Do Google review links expire? +

The Place ID link is permanent and will never expire as long as your Google Business Profile exists. The short link (g.page format) is also long-lasting, but Google has occasionally changed short link formats in the past. That's why it's smart to keep your Place ID link as a backup. If your short link ever stops working, the Place ID version will still be active.

Is it against Google's rules to send customers a direct review link? +

No. Google explicitly encourages businesses to share their review link with customers. What Google does prohibit is offering incentives for reviews (discounts, gifts, etc.), asking for a specific star rating, or posting fake reviews.
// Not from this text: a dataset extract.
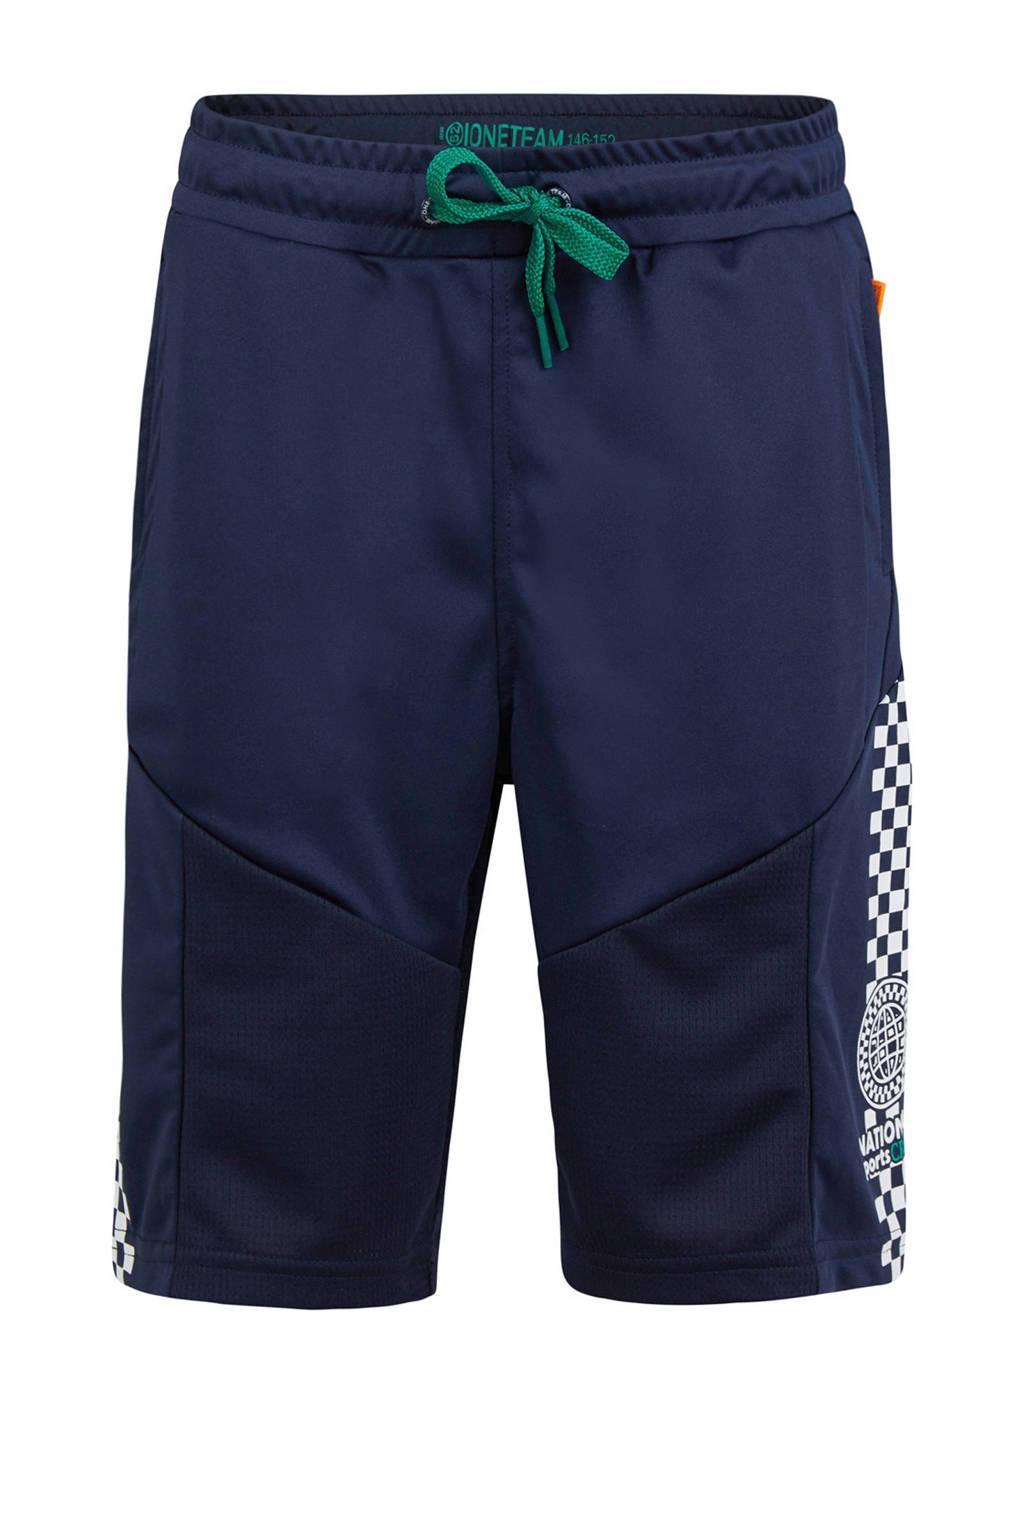 WE Fashion short met zijstreep donkerblauw, Donkerblauw
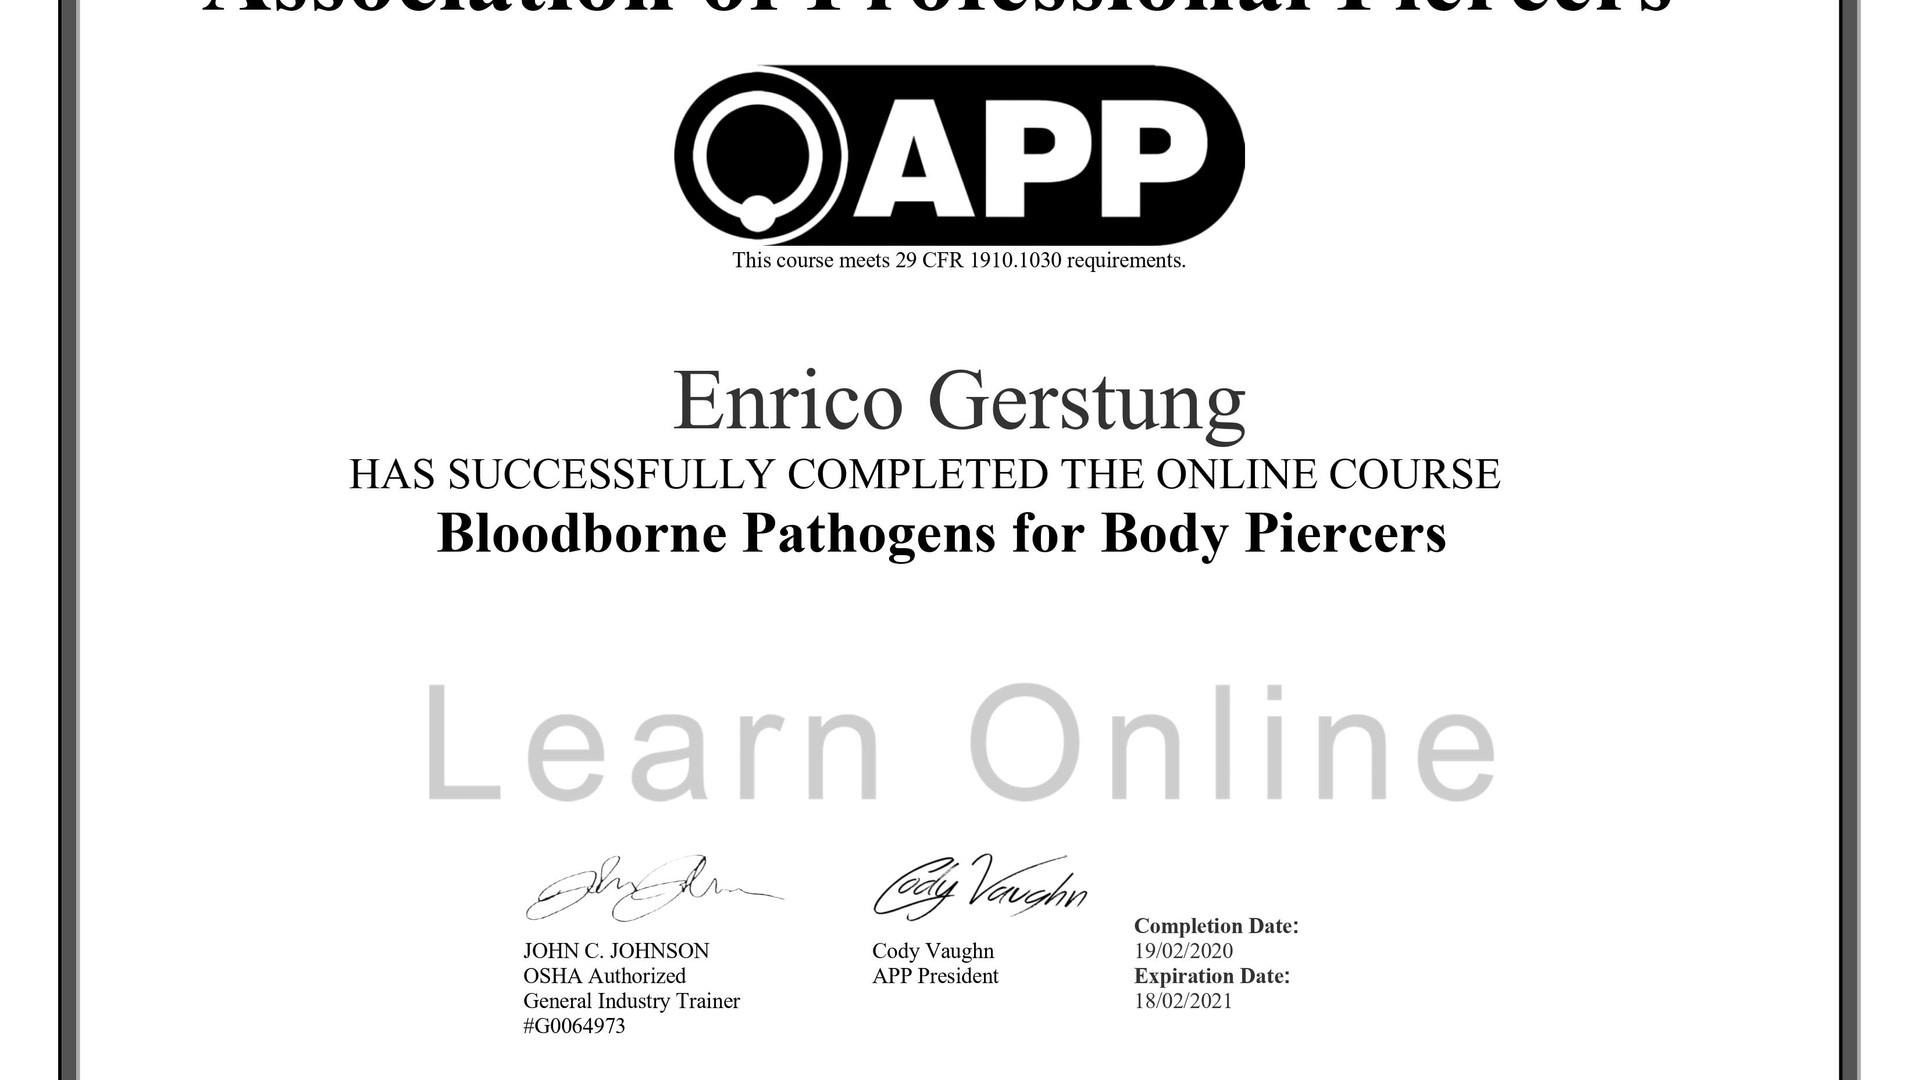 boodborne pathogens Enrico - 2020

Sending your honest customers a link and asking for their feedback is exactly what Google wants you to do.

How many review requests should I send per week? +

There's no hard limit, but it should match your actual customer volume. If you serve 10 customers a week, sending 10 review requests is natural. Sending 50 would look suspicious. According to Google's guidelines, reviews should reflect genuine customer experiences, so your request volume should mirror your real business activity. For more on review volume strategy, see our post on how many Google reviews you need to rank.

What if my Google review link isn't working? +

First, test it in an incognito/private browser window — sometimes cached login issues cause problems. If it still doesn't work, try regenerating it using the Place ID method described above. Also confirm that your Google Business Profile is verified and active. Suspended or unverified profiles won't have working review links. If all else fails, search your business on Google Maps, click "Write a review," and copy that URL directly.